Output the data below only from the line containing "US' Women's National" up to and including the line containing "William Arthur Ward", exact and with the pictures left out.

Segment Start: PROVIDED DATA

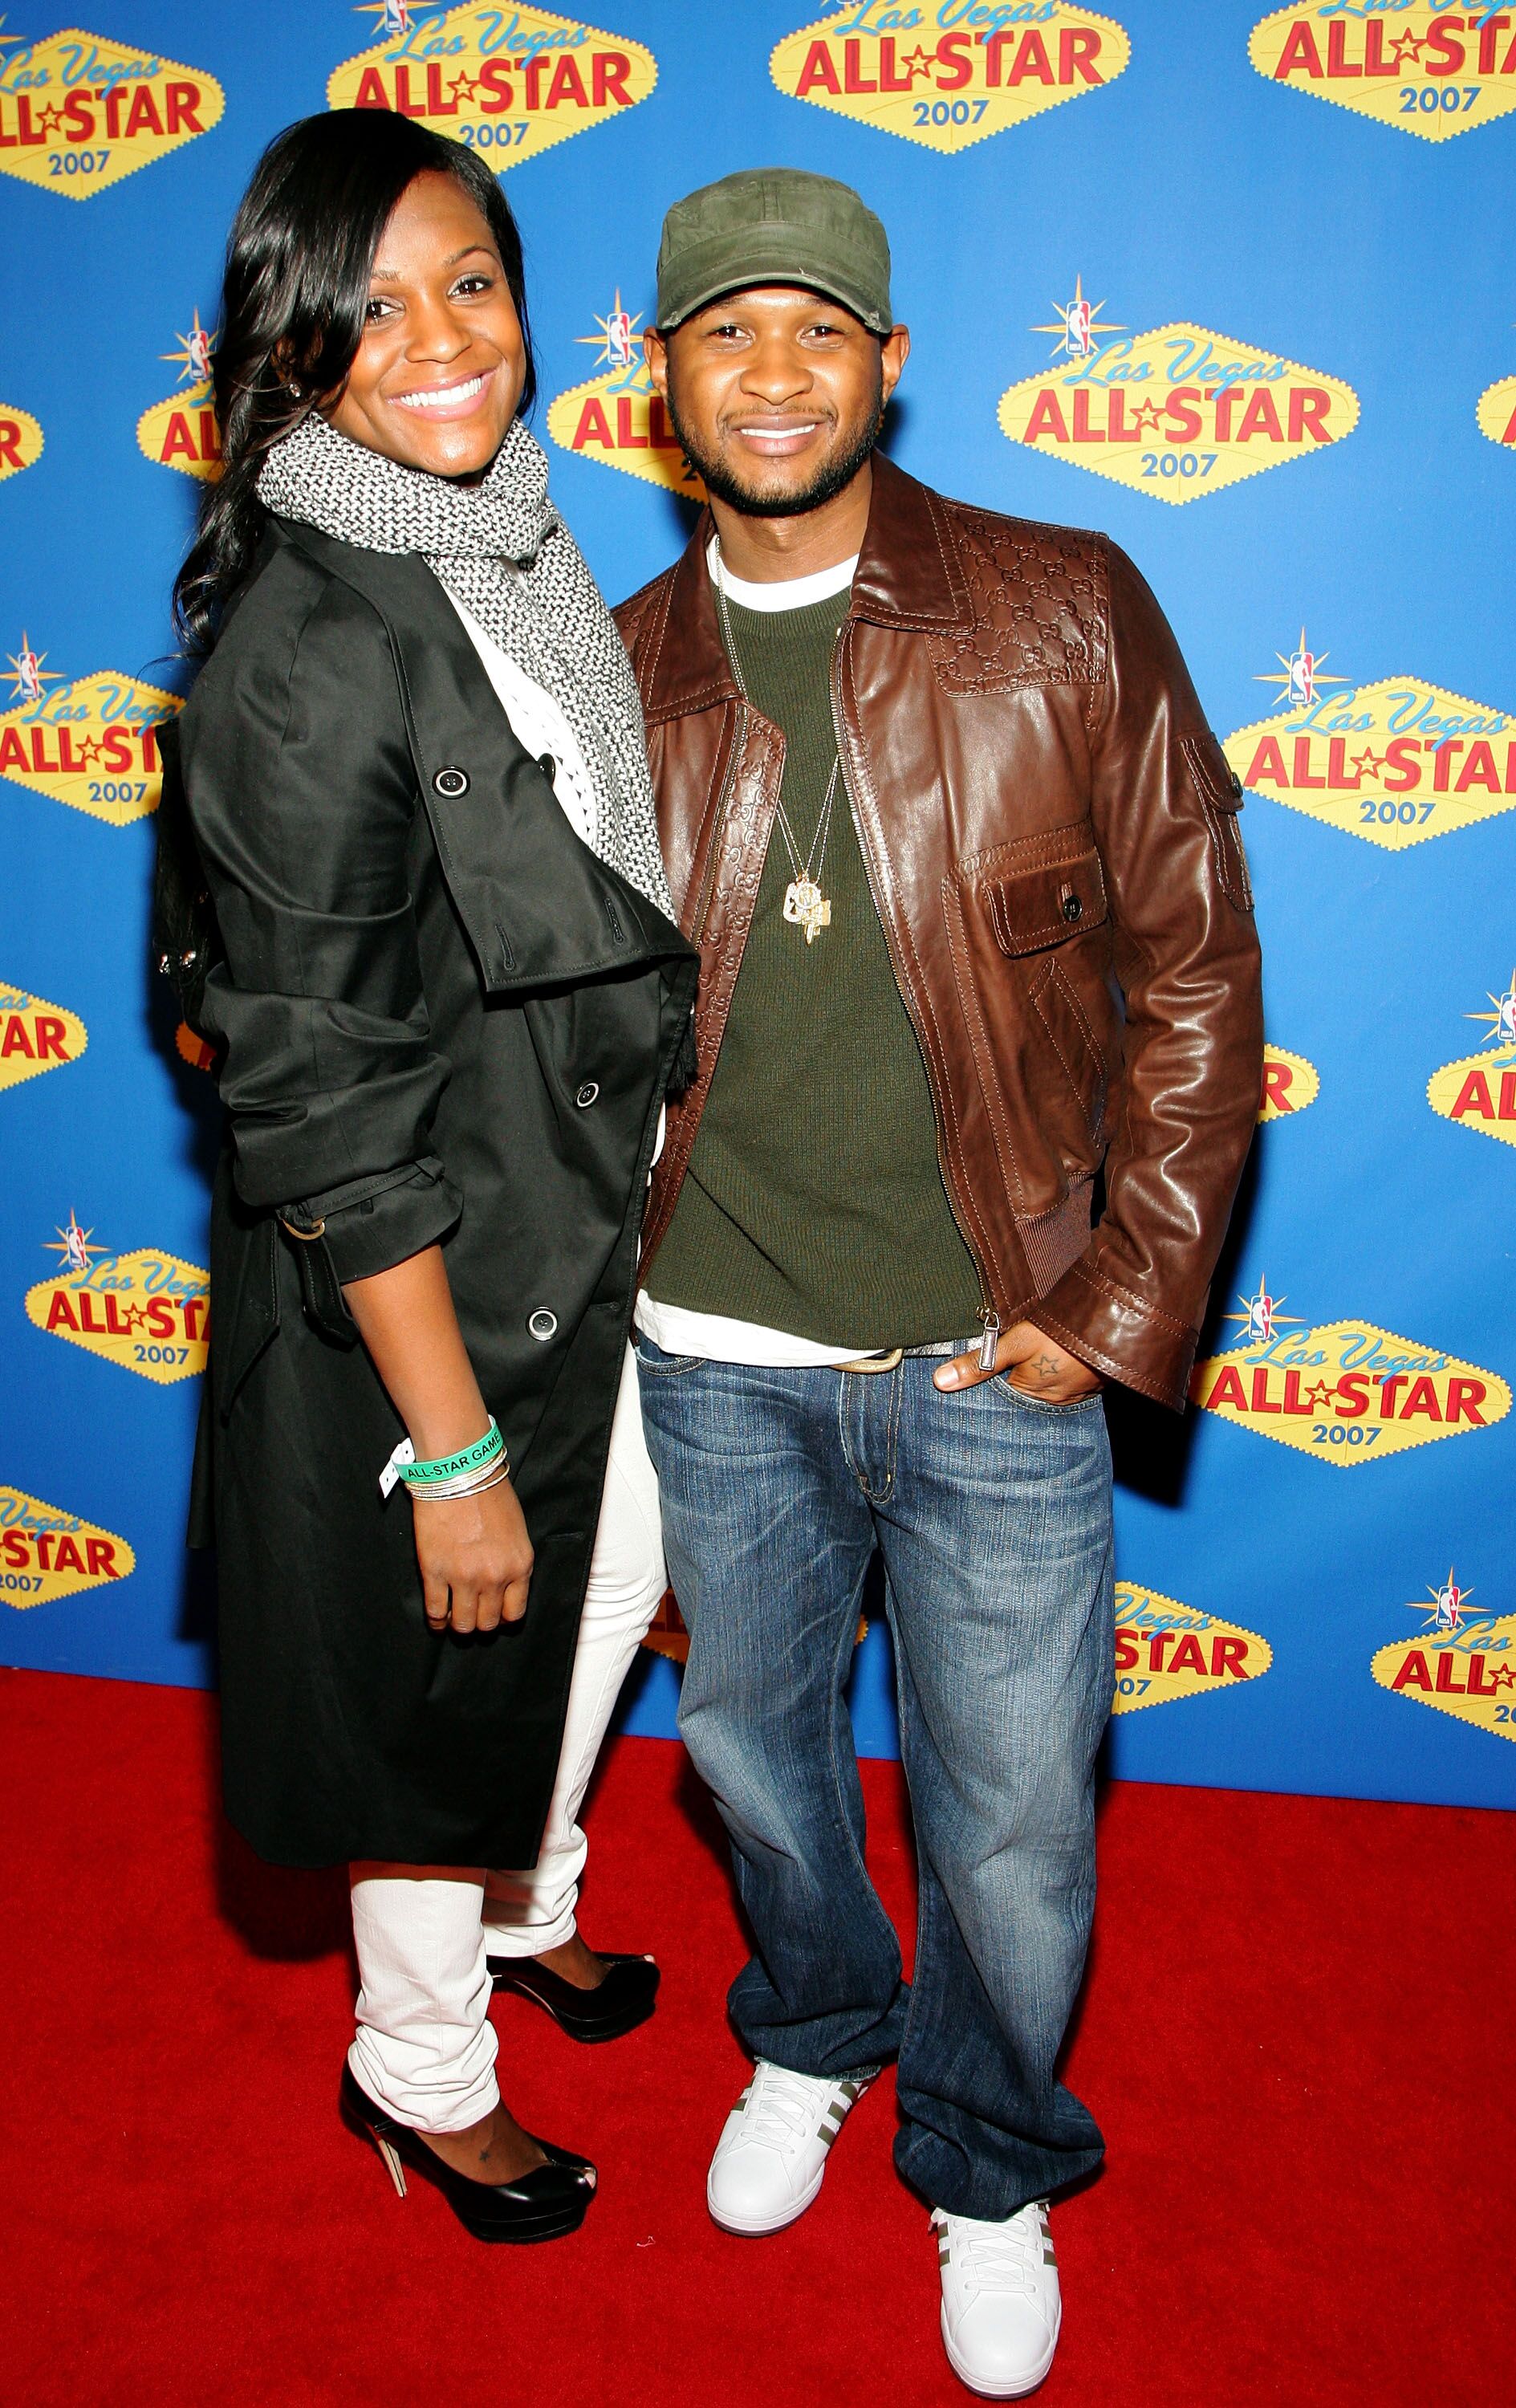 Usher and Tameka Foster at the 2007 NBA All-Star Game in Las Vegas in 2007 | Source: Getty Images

Segment End: PROVIDED DATA
Segment Start: PROVIDED DATA

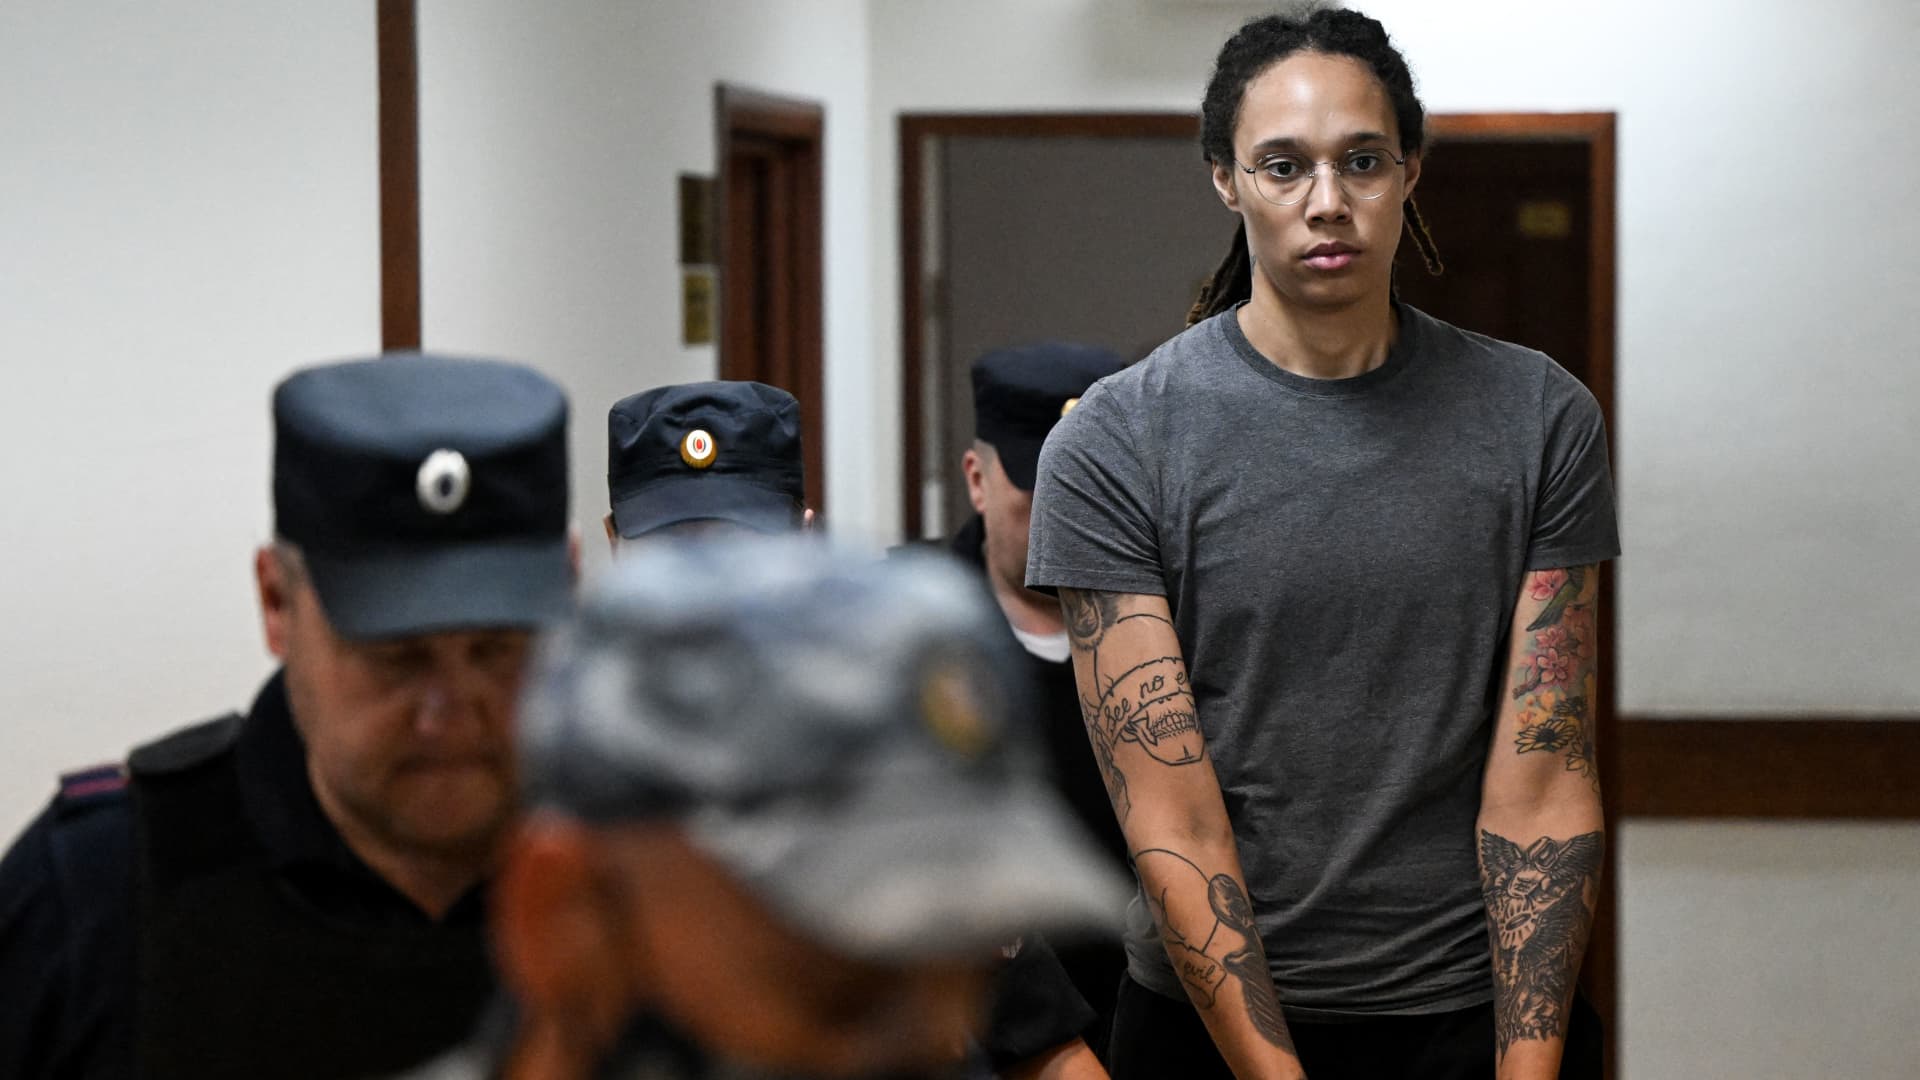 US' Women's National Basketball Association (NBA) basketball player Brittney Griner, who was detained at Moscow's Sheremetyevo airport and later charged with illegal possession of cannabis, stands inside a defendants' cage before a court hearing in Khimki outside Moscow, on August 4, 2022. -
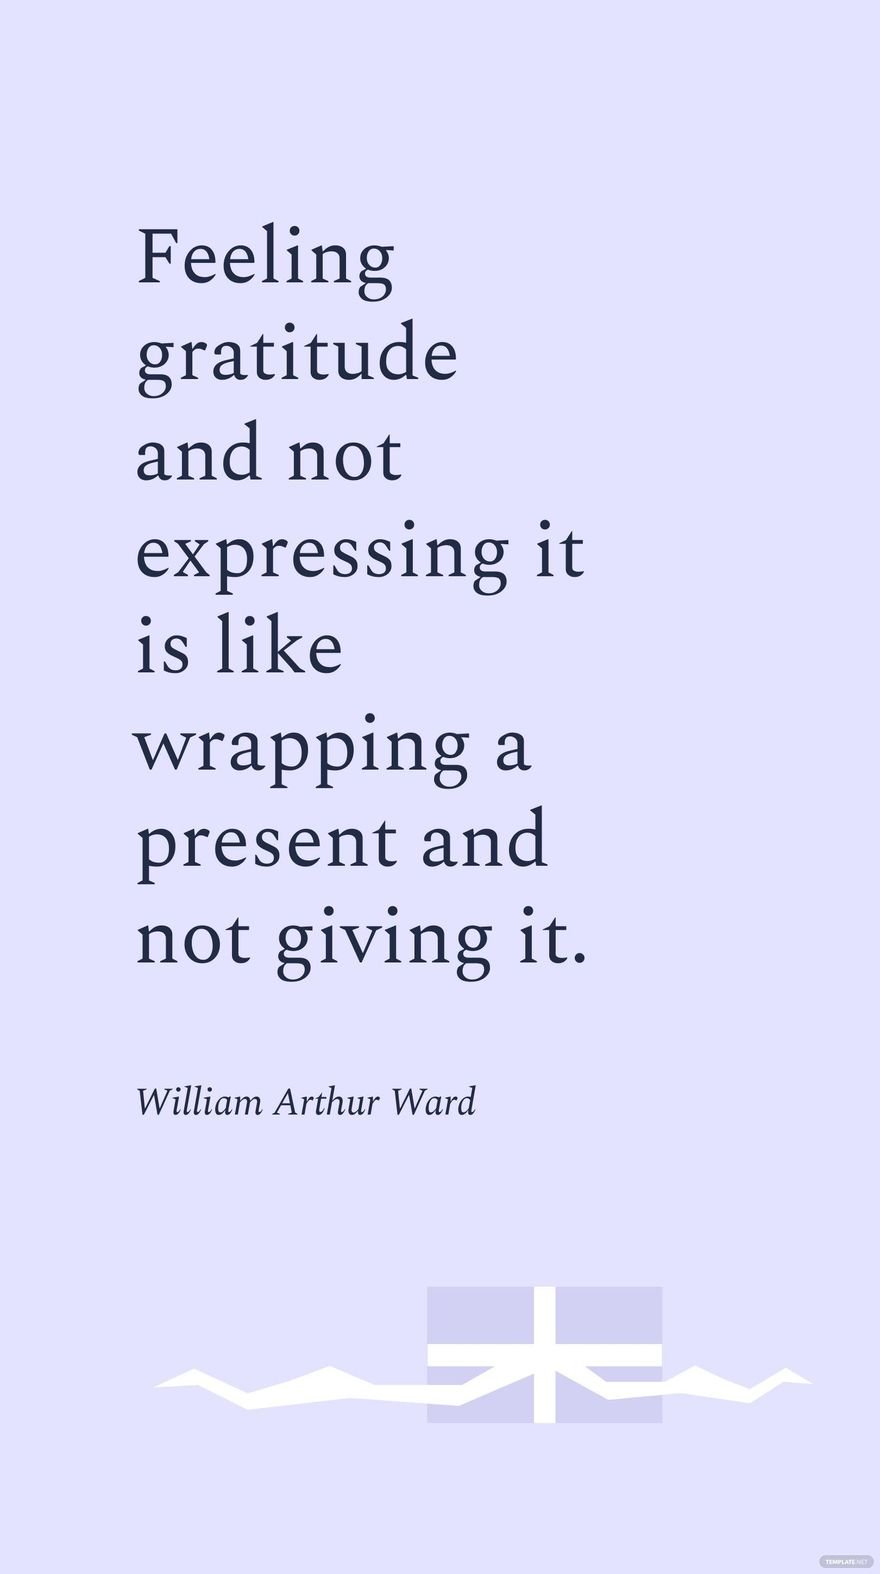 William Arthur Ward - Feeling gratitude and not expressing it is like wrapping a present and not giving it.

Segment End: PROVIDED DATA

> [EXERCISE RESULT]
 US' Women's National Basketball Association (NBA) basketball player Brittney Griner, who was detained at Moscow's Sheremetyevo airport and later charged with illegal possession of cannabis, stands inside a defendants' cage before a court hearing in Khimki outside Moscow, on August 4, 2022. -
 William Arthur Ward - Feeling gratitude and not expressing it is like wrapping a present and not giving it.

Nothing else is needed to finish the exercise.